Member of Parliament, Lok Sabha
- In office 1971–1977
- Preceded by: S. C. Jamir
- Succeeded by: Rano M. Shaiza
- Constituency: Nagaland

Personal details
- Born: Kevichüsa 15 April 1903 Khonoma, Naga Hills District, North-East Frontier, British India (Now in Kohima District, Nagaland, India)
- Died: 28 December 1990 (aged 87)
- Party: United Front of Nagaland
- Spouse: Germanthangi (Mannie) (m. 1931)
- Children: 10, including Chalie, Razhukhrielie and Tubu
- Relatives: Kevichüsa family

= Kevichüsa Angami =

Indian politician (1903–1990)

Kevichüsa Nisier Meru (15 April 1903 – 28 December 1990) was an Indian politician and a Member of Parliament, representing Nagaland in the Lok Sabha, the lower house of India's Parliament. He was the first Naga IAS Officer and also the first Naga graduate. Kevichüsa was conferred the Member of the Most Excellent Order of the British Empire (MBE).

== Early life ==
Kevichüsa Nisier Meru was born on 15 April 1903 to an Angami Naga family from Khonoma.

He did his graduation from St. Paul's Cathedral College, Calcutta.
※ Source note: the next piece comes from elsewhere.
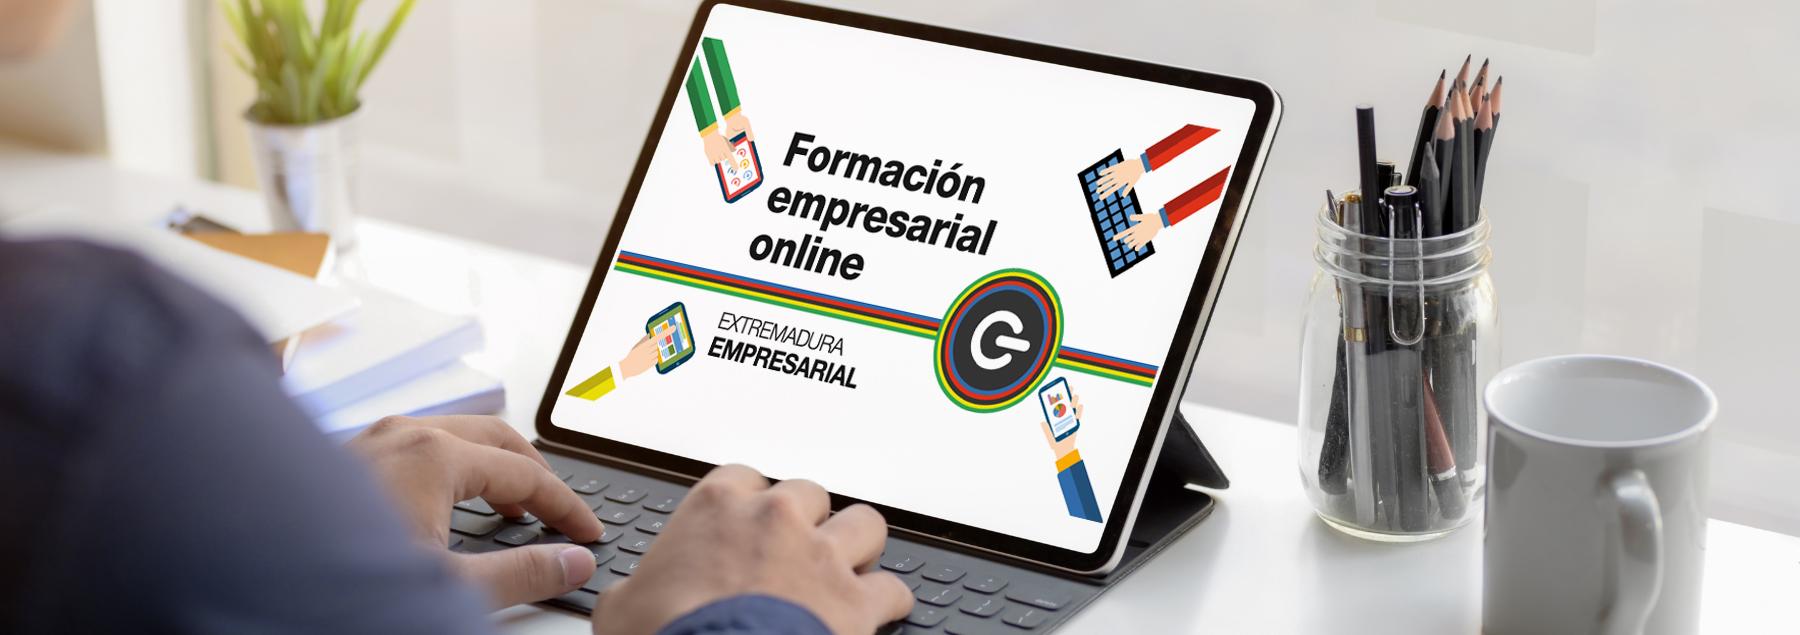 Formación online emprendimiento

His father Nisier Meru was the first Christian convert from Khonoma. Kevichüsa was educated at Baptist Mission School.

== Political career ==

=== Naga National Council ===
The Naga National Council (NNC) had 29 officially elected members representing their respective tribal councils at its inception. These were elected from various clans or village councils. Kevichüsa was amongst its earliest members. Along with many representatives from the Angami and Zeme tribes, Kevichüsa then endorsed complete independence for the Nagas once the British left. In the NNC meeting held at Wokha in June 1946, he insisted,Self-government should mean a government of the Nagas, for the Nagas, by the Nagas. Nothing else means anything to the Nagas. We have to be masters of our own country and be free.After the 1951 plebiscite, Kevichüsa and some of the early leaders of NNC took a step back from their early articulations of self-determination as the movement evolved into a mass movement amidst intensified state repression. Kevichüsa soon resigned from the NNC. John Thomas places these actions amongst certain sections of the 'educated' Naga elites as typical response of national bourgeoise elsewhere.
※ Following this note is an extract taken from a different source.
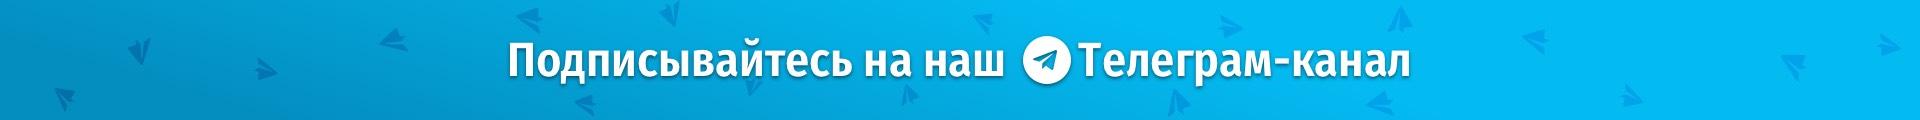 Подпишитесь на наш канал Туда-сюда в Телеграме

In the 1969 Nagaland Legislative Assembly election, Kevichüsa stood as the United Front's candidate from Dimapur Town and Dimapur Outer constituencies. He lost in both seats. While Kevichüsa polled 706 votes in the Dimapur Outer constituency, the Naga Nationalist Organisation candidate secured 3186 votes.
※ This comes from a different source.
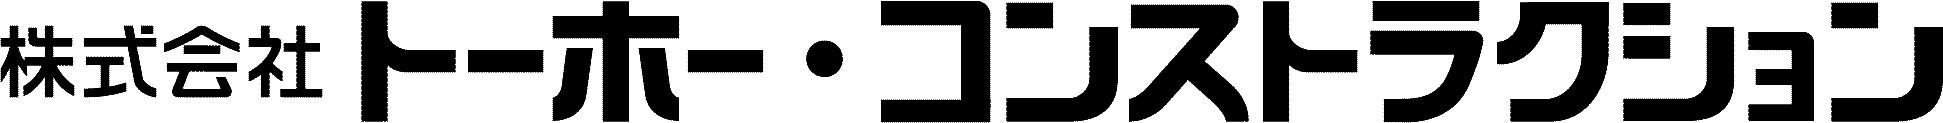 トーホーコンストラクション フッダーロゴ

=== Member of Parliament ===
In 1971, as a candidate of the United Front of Nagaland, Kevichüsa stood against S. C. Jamir in the Lok Sabha elections. Jamir, then, was the Deputy Minister of Agriculture in the Indira Gandhi government. During the election campaign, Kevichüsa attacked the Naga Nationalist Organisation for its failure to implement the "16 Point Agreement" with the approval of the Indian government. He promised to work towards the negotiation of a new political settlement. Kevichüsa registered an overwhelming victory with 102,596 votes (63.3%) defeating Jamir.

==Personal life==
Kevichüsa married Germanthangi on 15 October 1931. Together the couple had six daughters and five sons.

==Legacy==
In 2017, his family-run foundation–The Kevichüsa Foundation–instituted the A. Kevichüsa Citizenship Award to recognise an individual or group from the indigenous community who have 'championed, demonstrated, and embodied' the ideal of citizenship.